World’s Greatest Sleuth! by Steve Hockensmith

Otto “Big Red” Amlingmeyer has finally had some of his stories published – biographical adventures of his brother, Gustav aka “Old Red” aka “Holmes On The Range”, so he and his brother can’t refuse when his publisher summons them to Chicago. The Pinkerton Agency, due to the death of Sherlock Holmes at the Reichenbach Falls, is holding a competition to determine the “World’s Greatest Sleuth!” and the boys are invited. Well, they are the only detectives published in their particular magazine that aren’t fictional, but that’s besides the point.

They find themselves up against the best the world has to offer – including an English detective who bears a striking resemblance to someone who’s supposed to be dead. But when one of organisers turns up dead, suffocated in a vat of cheddar, Gustav smells a rat. And horse excrement…

This is the point in my posts where I teasingly query if the book’s any good or not. No point in doing that here – it’s a Holmes On The Range book, which should answer that question nicely.

In case it doesn’t answer the question, the book is absolutely terrific, like the rest of the series. The voice of the narrator, Big Red, is an absolute treat and there’s an added conceit here that people he meets have read his previous work – in particular, his love-interest Diana, which causes him to be overly discreet whenever he mentions her. Of course, it’s not actual discreet if you point this out, but that’s Big Red for you.

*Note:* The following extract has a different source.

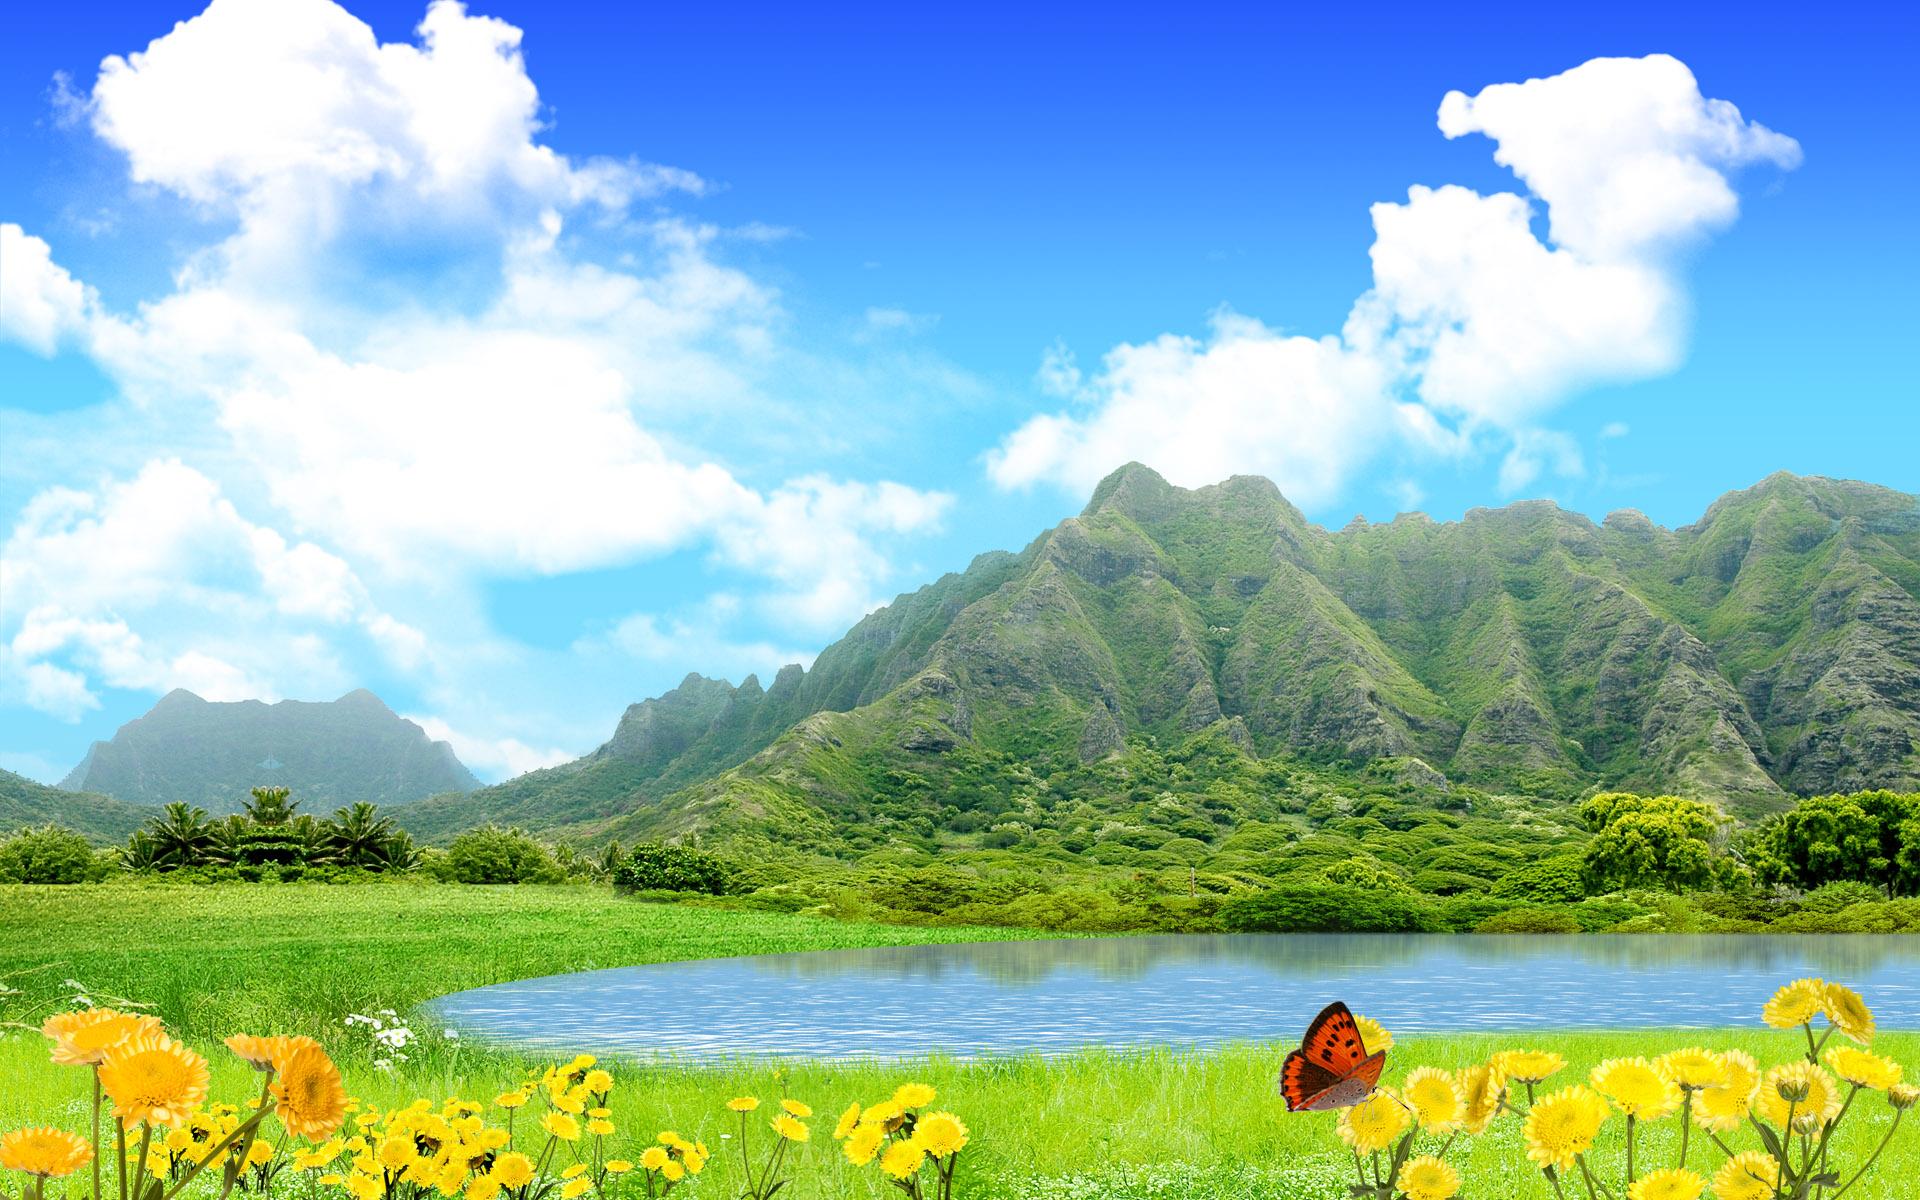 scenery wallpaper includes - photo #3

I think it’s fair to say that you know if you’re going to enjoy this book by reading the dramatis personae – this includes four distinct mystery men, referred to (both here and in the book) as THE BEARDED MAN, THE OTHER BEARDED MAN (aka THE UNBEARDED MAN), THE OTHER OTHER BEARDED MAN and ANOTHER OTHER OTHER BEARDED MAN. What’s more, these are all relevant to the plot – it’s not just a joke. But it is demonstrative of the style of humour – very funny but never silly –  rest assured, this is a proper mystery novel, it just happens to force you to read it with a silly grin on your face.

The mystery itself is decent enough, although I’d be impressed if anyone actually worked it out, and the motive is pretty hard to spot until the last minute, but to be honest, I didn’t particularly care, I was enjoying the book so much.

It’s worth pointing out that you really should read the series in order to get the most out of it. They are a little tricky to get hold of, but I can recommend, if you’re a Kindle reader, trying out for Dear Mr Holmes, a collection of seven short stories – only a couple of quid. I’ve read a few of them in Ellery Queen’s Mystery Magazine, and they should give you an idea if this is your cup of tea or not.

So, in case I wasn’t clear – recommended in the highest possible fashion.

Oh, and check out Steve Hockensmith’s website. Very entertaining.

I’m counting this as part of the Historical Fiction Challenge and the North American part of the Global Reading Challenge, as it’s set in my favourite city of the USA.


  1. […] In Search of the Classic Mystery Novel Spoiler Free Reviews of Fair Play Detective Fiction Skip to content HomeAbout the authorPaul DohertyHugh CorbettThe Sorrowful Mysteries of Brother AthelstanAmerotke, Chief Judge of ThebesThe Journals of Roger ShallotThe Canterbury TalesThe Ancient Rome MysteriesMathilde of WestminsterAlexander The GreatKathryn SwinbrookeOther Historical MysteriesAlys ClareAriana FranklinSteve HockensmithMichael JecksBernard KnightPeter TremayneEllery QueenSir Henry Merrivale ← Endeavour – Pilot – TV Review World’s Greatest Sleuth! by Steve Hockensmith → […]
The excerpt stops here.